The Mudcat Café TM
Thread #59418 Message #1584386
Posted By: Stilly River Sage
16-Oct-05 - 11:17 PM
Thread Name: BS: The Mother of all BS threads
Subject: RE: BS: The Mother of all BS threads
This morning I stumbled upon an interesting essay that I've been dipping into all day when I have a few minutes. Here's a brief excerpt and a link:
The paper is called Raymond carver's "epiphanic moments"
1. Carver and the Realist Epiphany
Carver's interest in the rhetoric of the sudden illumination is well-known.
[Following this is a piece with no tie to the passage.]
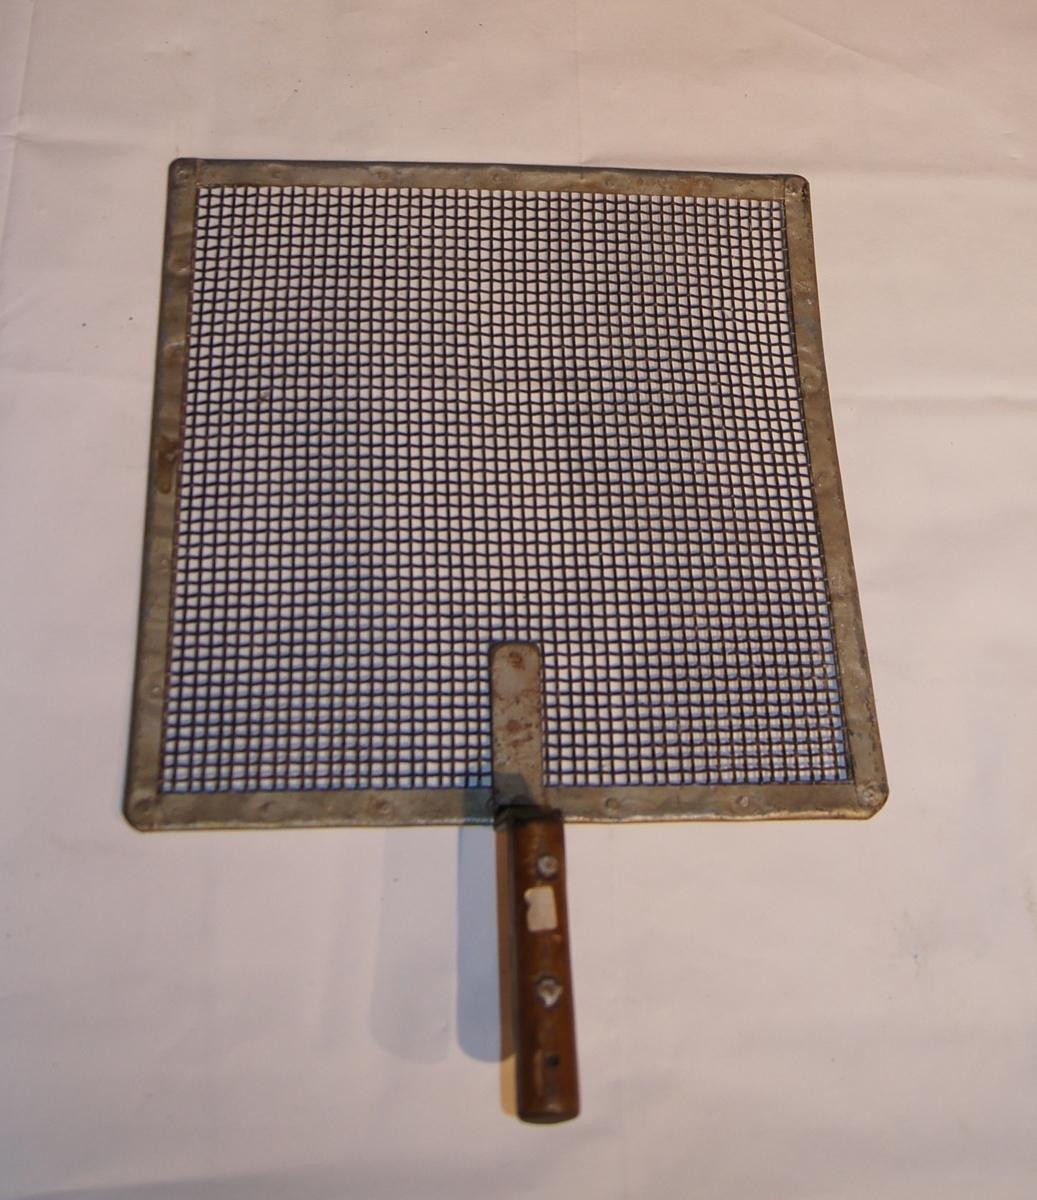 Kvadratisk nettingvisir i metall med håndtak.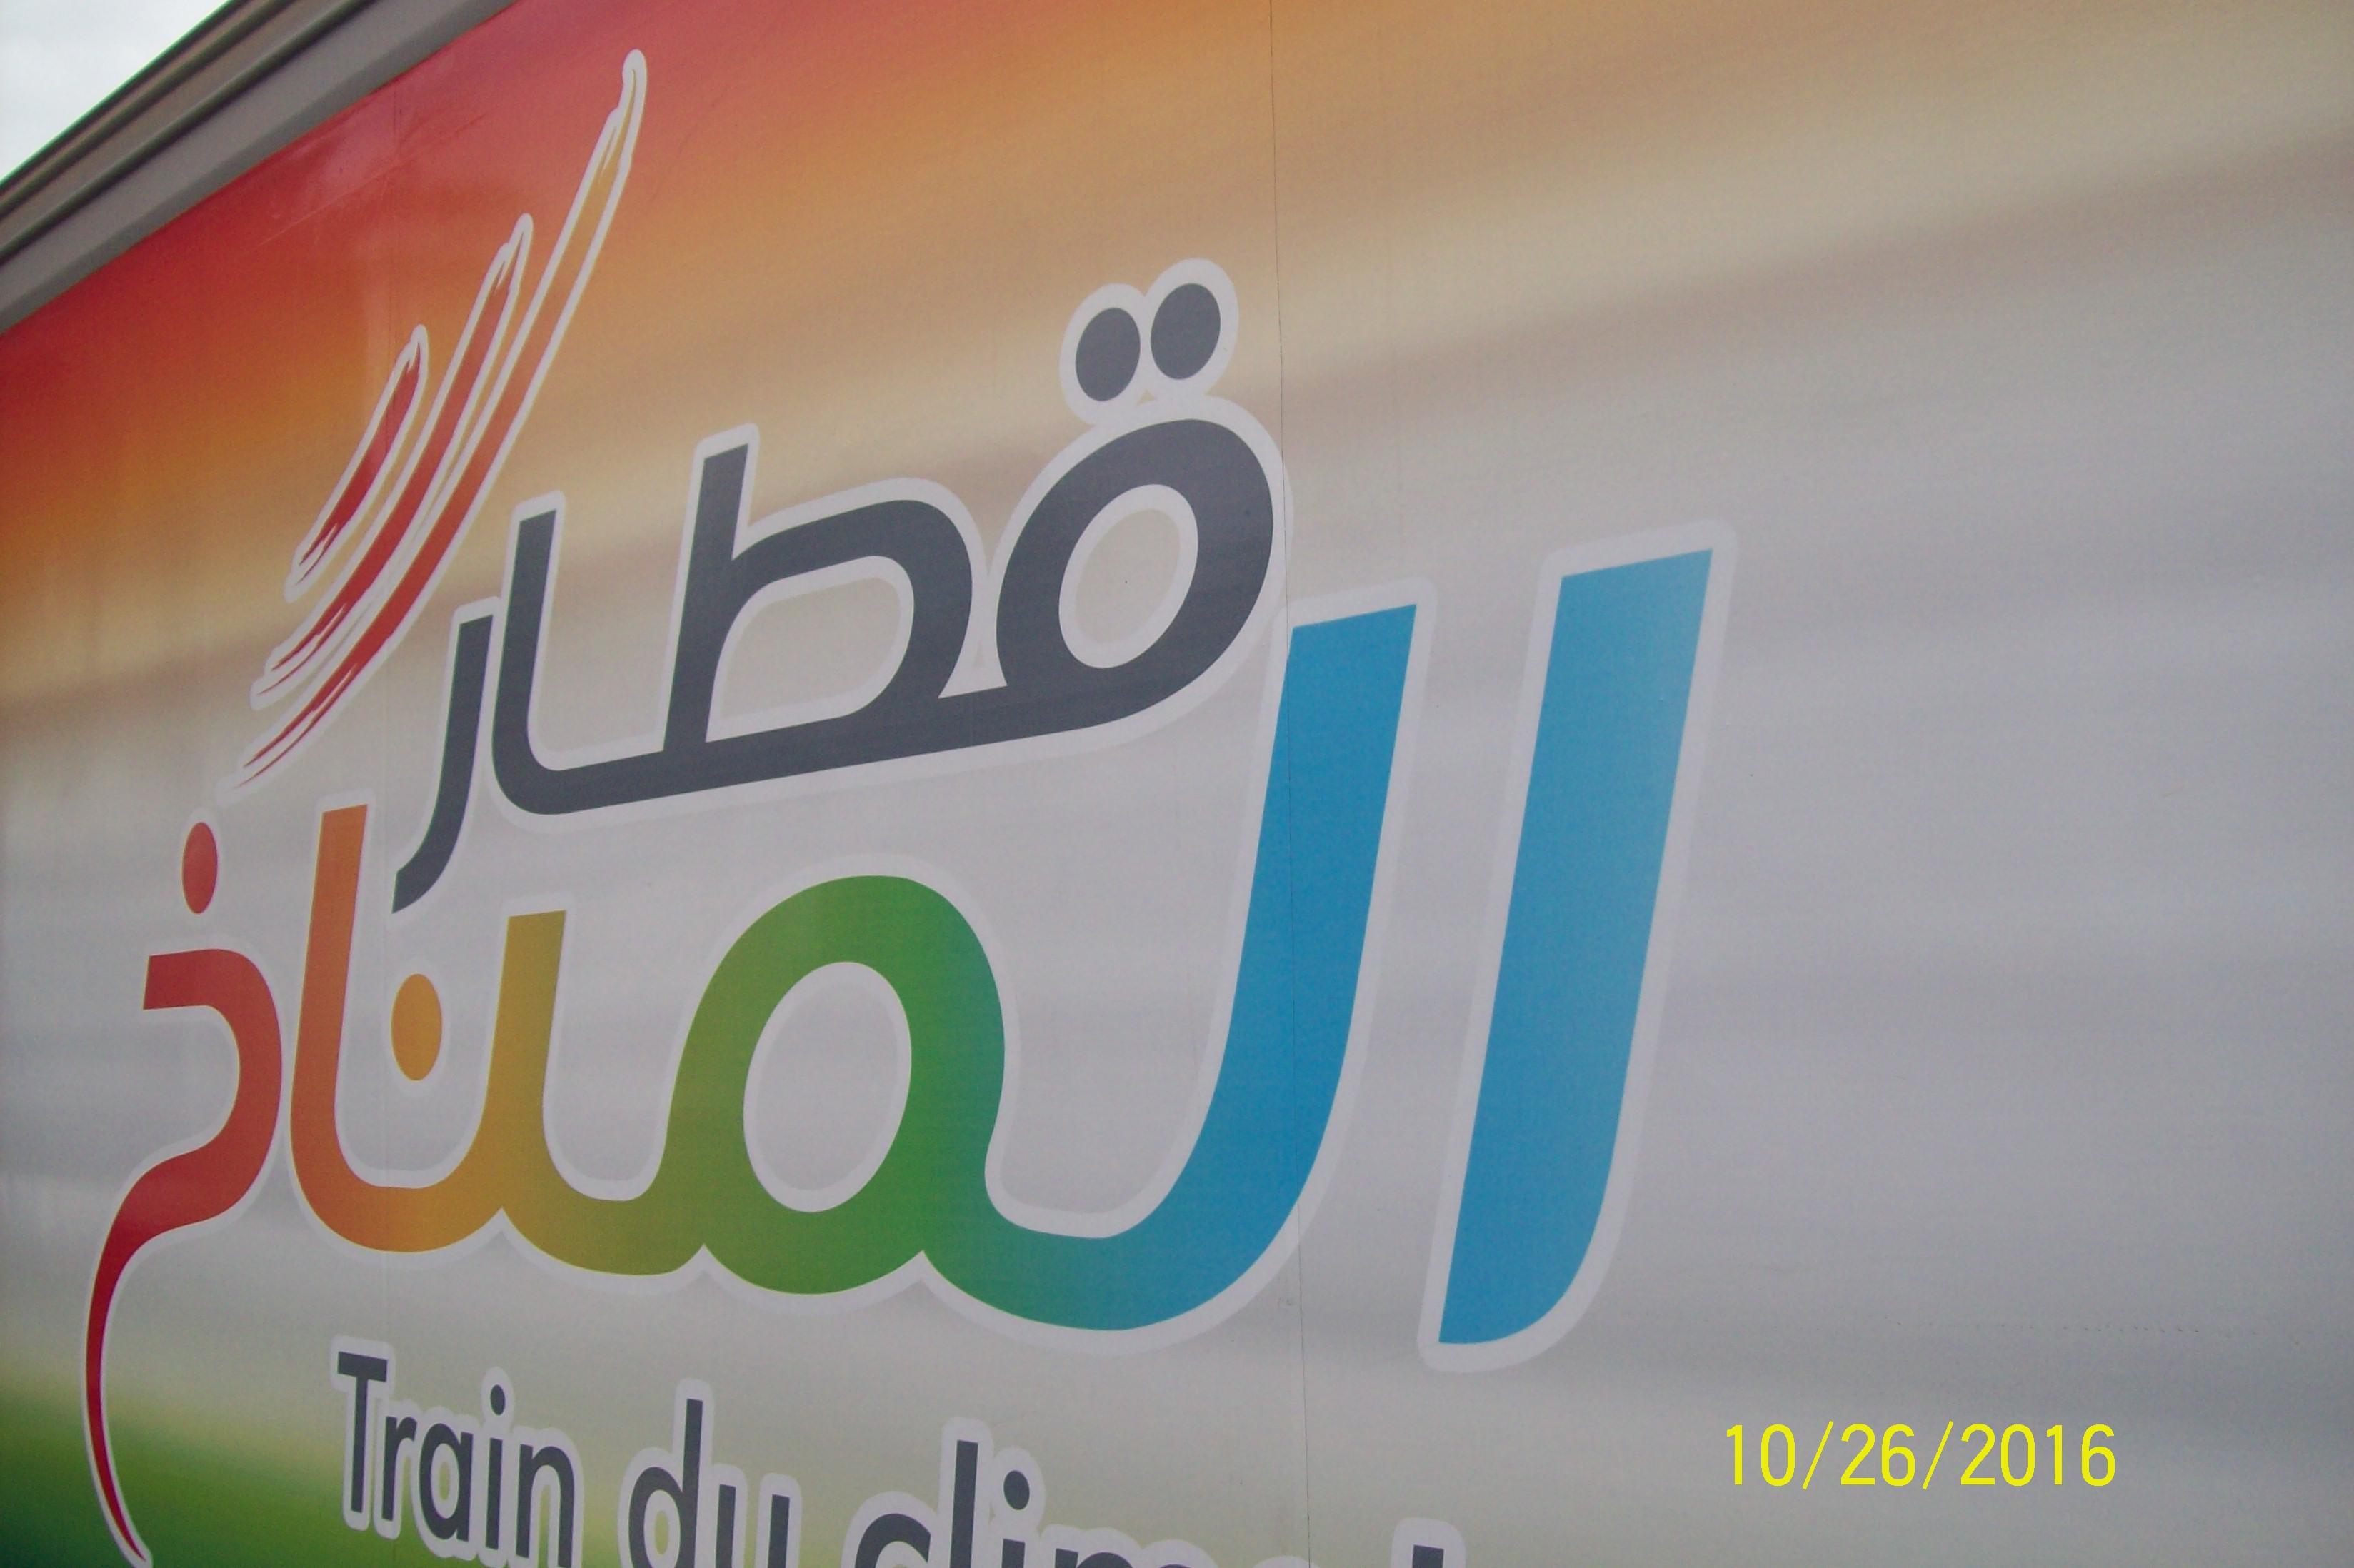 متابعة حصرية لفعاليات مؤتمر كوب 22 COP للمناخ بمراكش المغرب 120_0171

In his autobiographical sketch "On Writing," he emphasized his indebtedness to a line from a story by Chekhov he reportedly liked so much that he pinned it on the wall beside his writing desk: it reads, "'... and suddenly everything became clear to him."' Carver was intrigued, he said, by the "hint of revelation that's implied" (Fires 23). If the notion of a "hint of revelation" is understood in the romanticist or modernist terms on which recent aesthetics (Beja, Langbaum, Nichols), phenomenologies (Bidney, Patterns), and typologies (Tigges) of literary epiphany tend to focus, it refers to the charging of external reality with a sense of transcendental significance that, on the one hand, makes a text's narrative agent see matters in a radically new light, but that, on the other, cannot be translated into a logical proposition or concept. This "revelation," then, remains at the level of a non-semantic sense of the "whatness of things" and at best branches into multiple meanings.
I think this has practical applications here at the MOAB.